ASSIGNMENT. The entries below contain pictures. Write out only the lines from the line with "Boucles d'oreilles fleurs" up to and including the line with "entouré de deux", exactly, without them.

RECORDS FOR PROCESSING.
==================================================

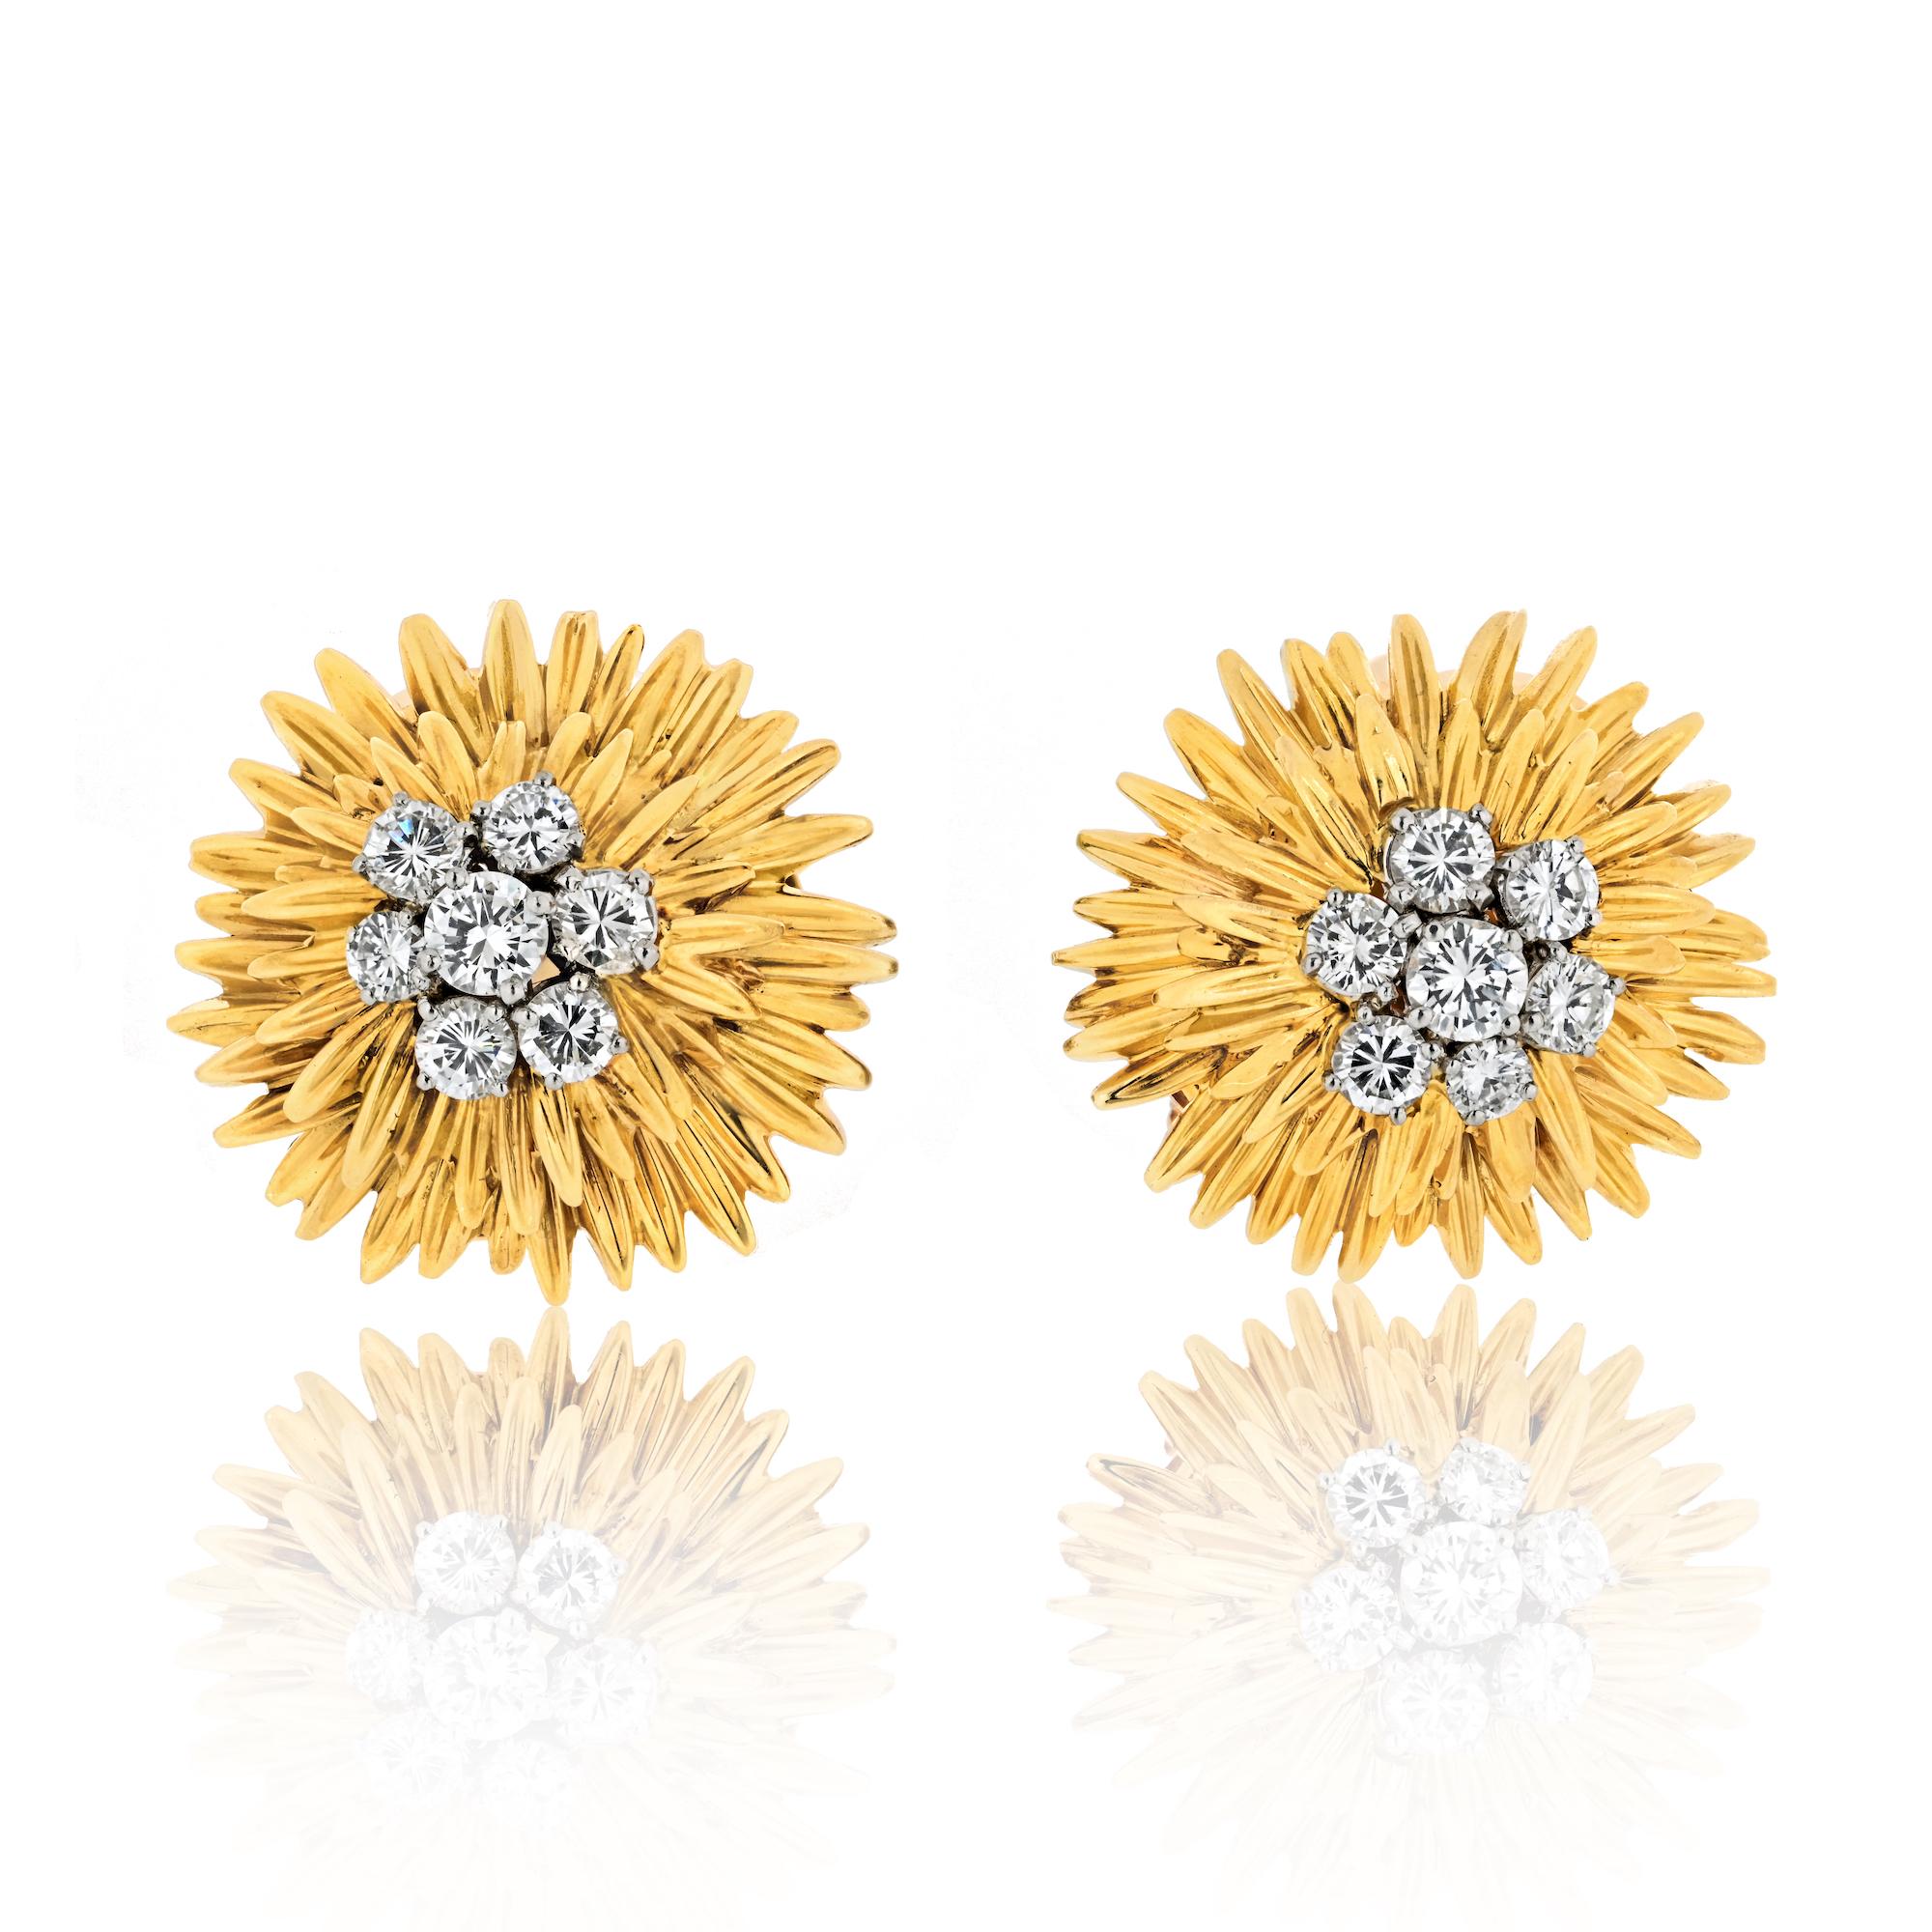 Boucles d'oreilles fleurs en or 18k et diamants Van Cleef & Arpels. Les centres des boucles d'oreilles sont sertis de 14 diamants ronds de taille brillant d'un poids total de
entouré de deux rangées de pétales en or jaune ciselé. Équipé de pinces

==================================================

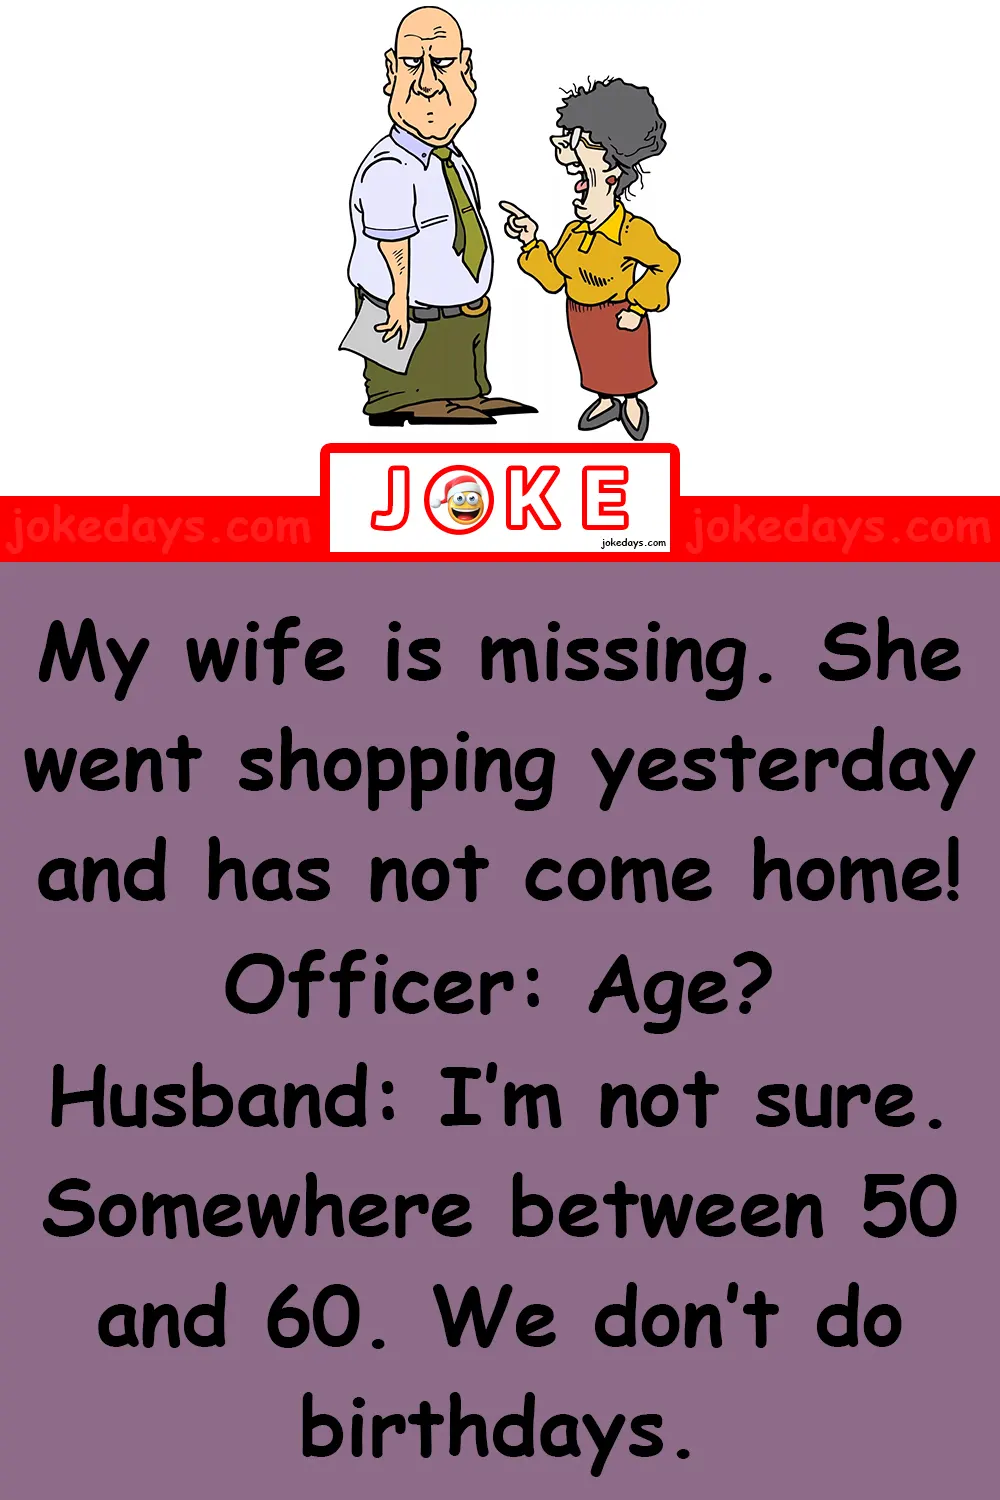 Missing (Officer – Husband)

==================================================

REPLY TO THE EXERCISE.
 Boucles d'oreilles fleurs en or 18k et diamants Van Cleef & Arpels. Les centres des boucles d'oreilles sont sertis de 14 diamants ronds de taille brillant d'un poids total de
entouré de deux rangées de pétales en or jaune ciselé. Équipé de pinces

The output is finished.